Speaking of which, why is Question Everything full of young comedians you may not have heard of rather than the usual bunch of established comedians who always appear on these types of shows? Anderson explains:
The idea of it was…I was in lockdown, and I was looking at the comedy community, and was thinking what can I do for younger comedians? And when we started there was always these shows you could go on as a new comedian to get exposure… I wanted to design something; a panel show for brand new comedians…
Great, a new talent showcase. Well done, Wil. This is exactly the kind of thing a successful comedian with several decades of experience, and our taxpayer-funded national broadcaster should be doing: nurturing new talent, giving them a platform on TV to show us what they can do… Oh, wait… what was that Anderson said later in the interview?
So, I imagined [Question Everything] would be the return to live audiences… Get a full audience at the ABC, comedians from all over the country and then some stuff started happening in Sydney and New South Wales and I was…that’s fine, there are plenty of good comedians in New South Wales.

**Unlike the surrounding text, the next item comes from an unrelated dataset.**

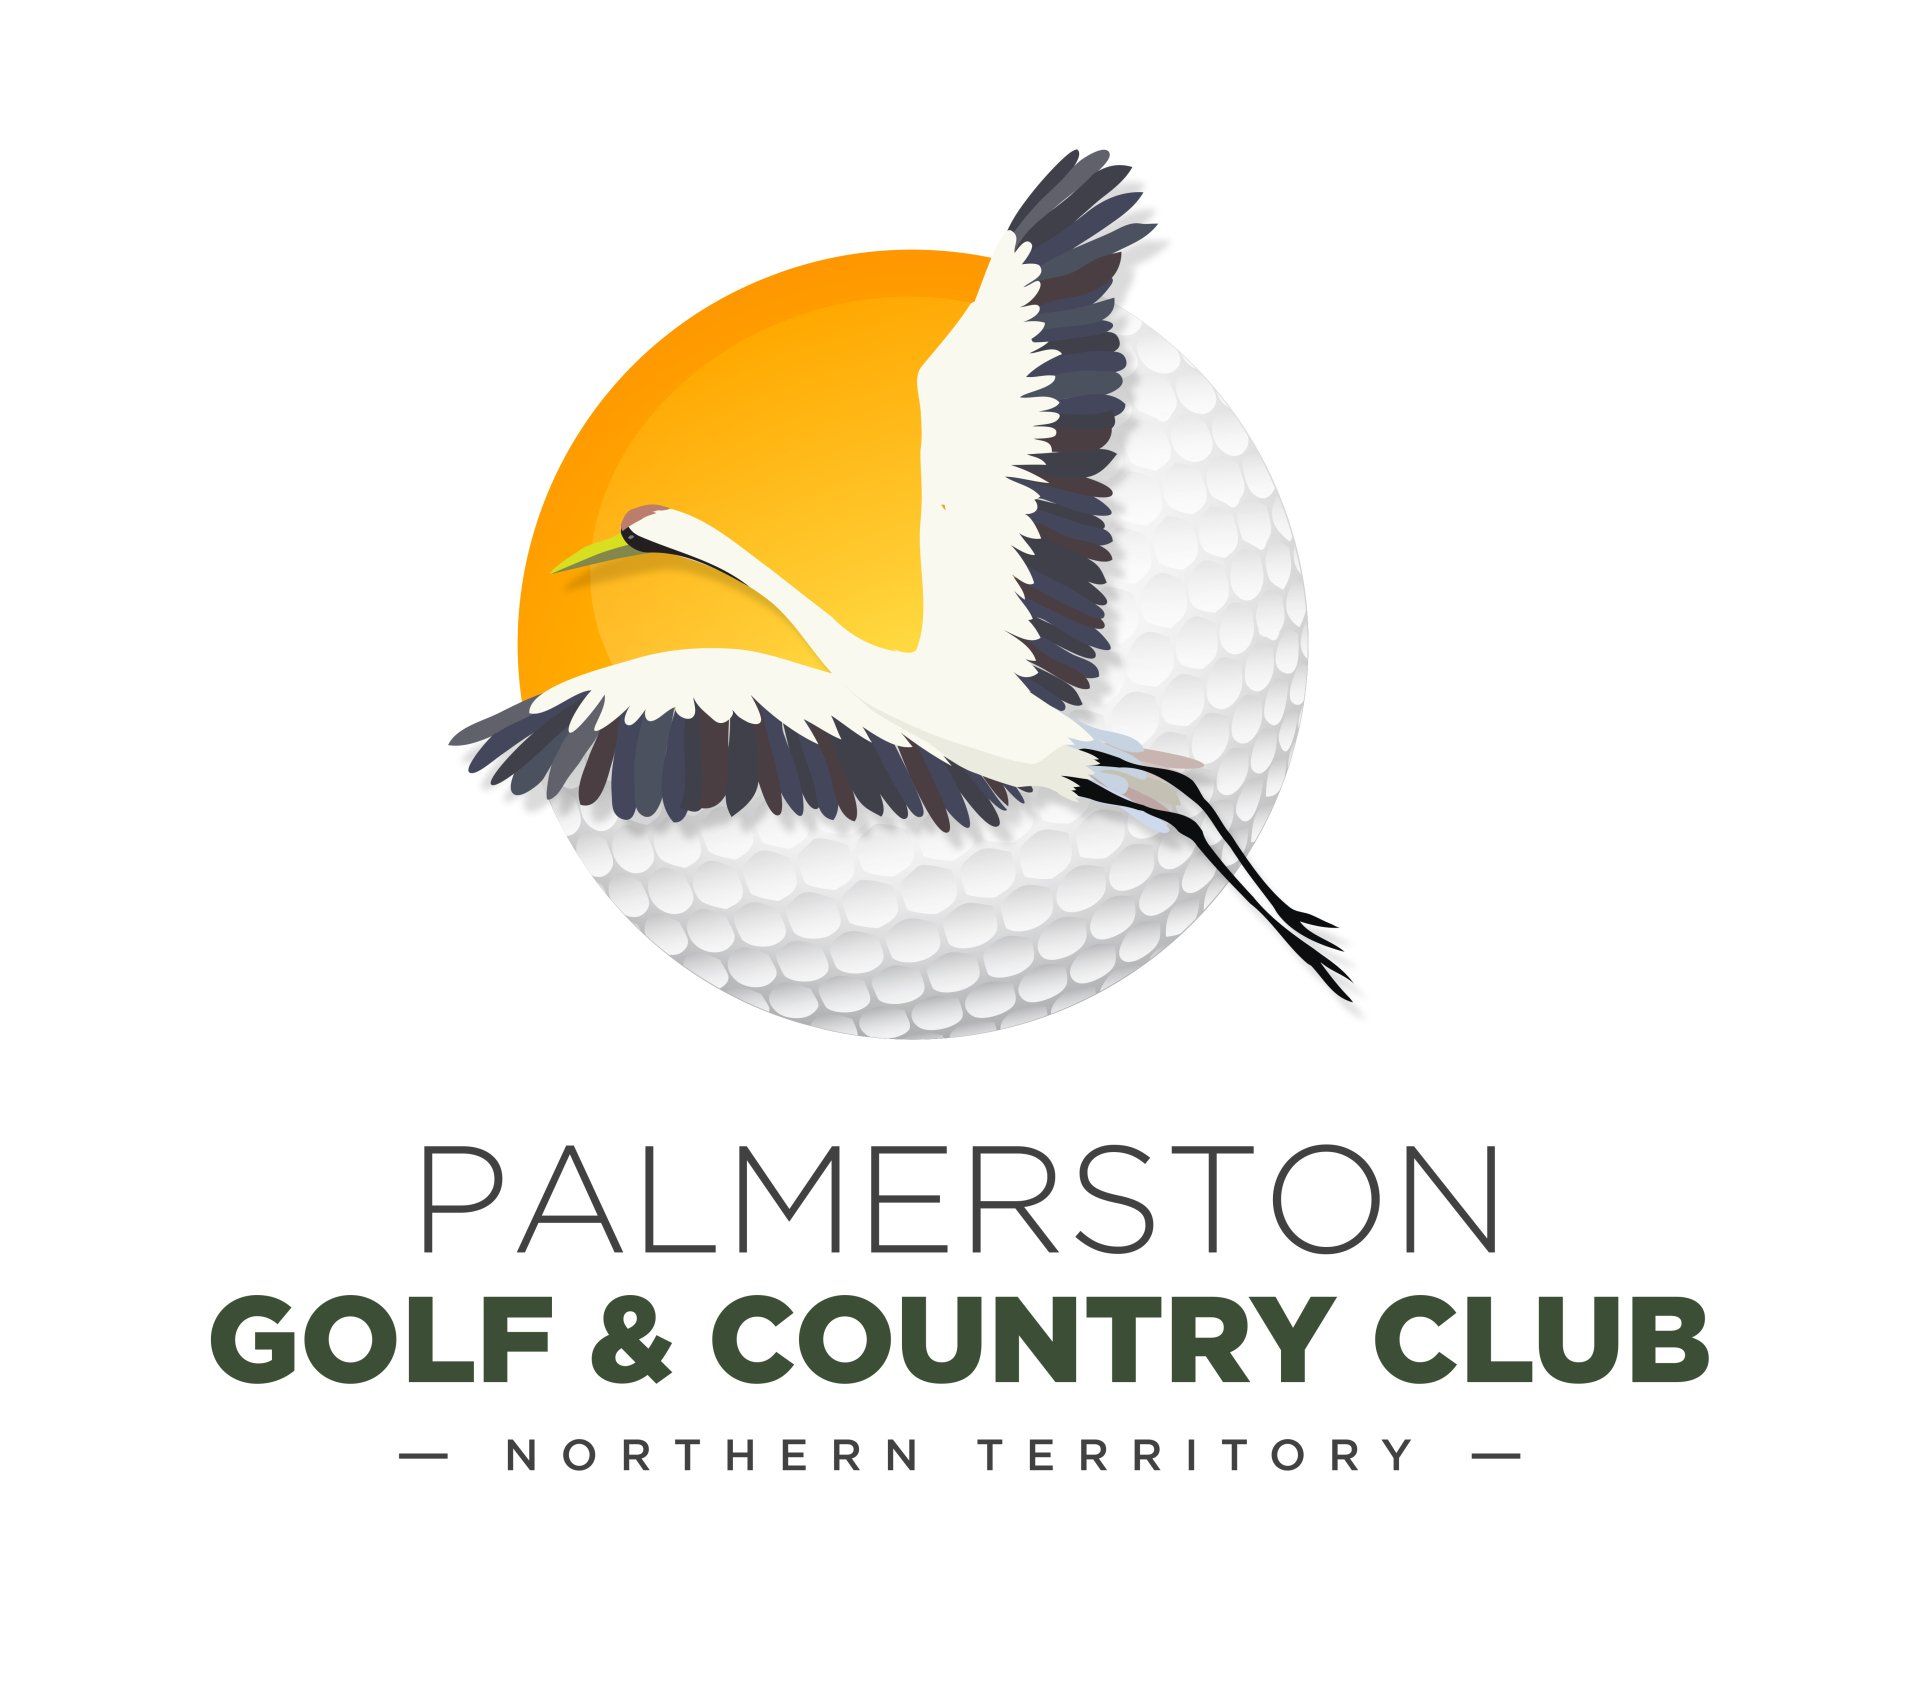 Palmerston Golf and Country Club

And in the last few weeks, we’ve had a map on our wall of Local Government Areas in Sydney and where the guests might live and just crossed them off, one by one. It’s been great, mate. Perfect conditions to make a TV show.
So, Question Everything isn’t an exciting showcase of the next generation of Australian comedians after all. It’s a show where they book whoever doesn’t live in an area riddled with COVID. Well, that is awkward. And so very telling.
Maybe the Question Everything team should have thrown their hands in the air and admitted defeat like Tomorrow Tonight? If conditions are too hard to make a decent show, don’t make the show. Not that Tomorrow Tonight is a decent show. But that’s another story…
We’re only two weeks in and it’s rapidly becoming clear that despite being titled Question Everything, nobody at the ABC got around to questioning why this show needed to be made. Hands up who thought the comedy panel show format needs explainers about Taliban social media propaganda? It’s that kind of thinking that makes all those jokes about the ABC having no viewers under 60 so timeless.
This week it somehow became even more obvious that this was intended to be Gruen News, only instead of getting in a panel of “news experts” – presumably the kind of humourless fucks who populate Insiders – they’d get in a bunch of up and coming comics. Because if there’s anyone who not only watches a lot of news but thinks seriously about the ramifications of what they’re seeing, it’s stand up comedians.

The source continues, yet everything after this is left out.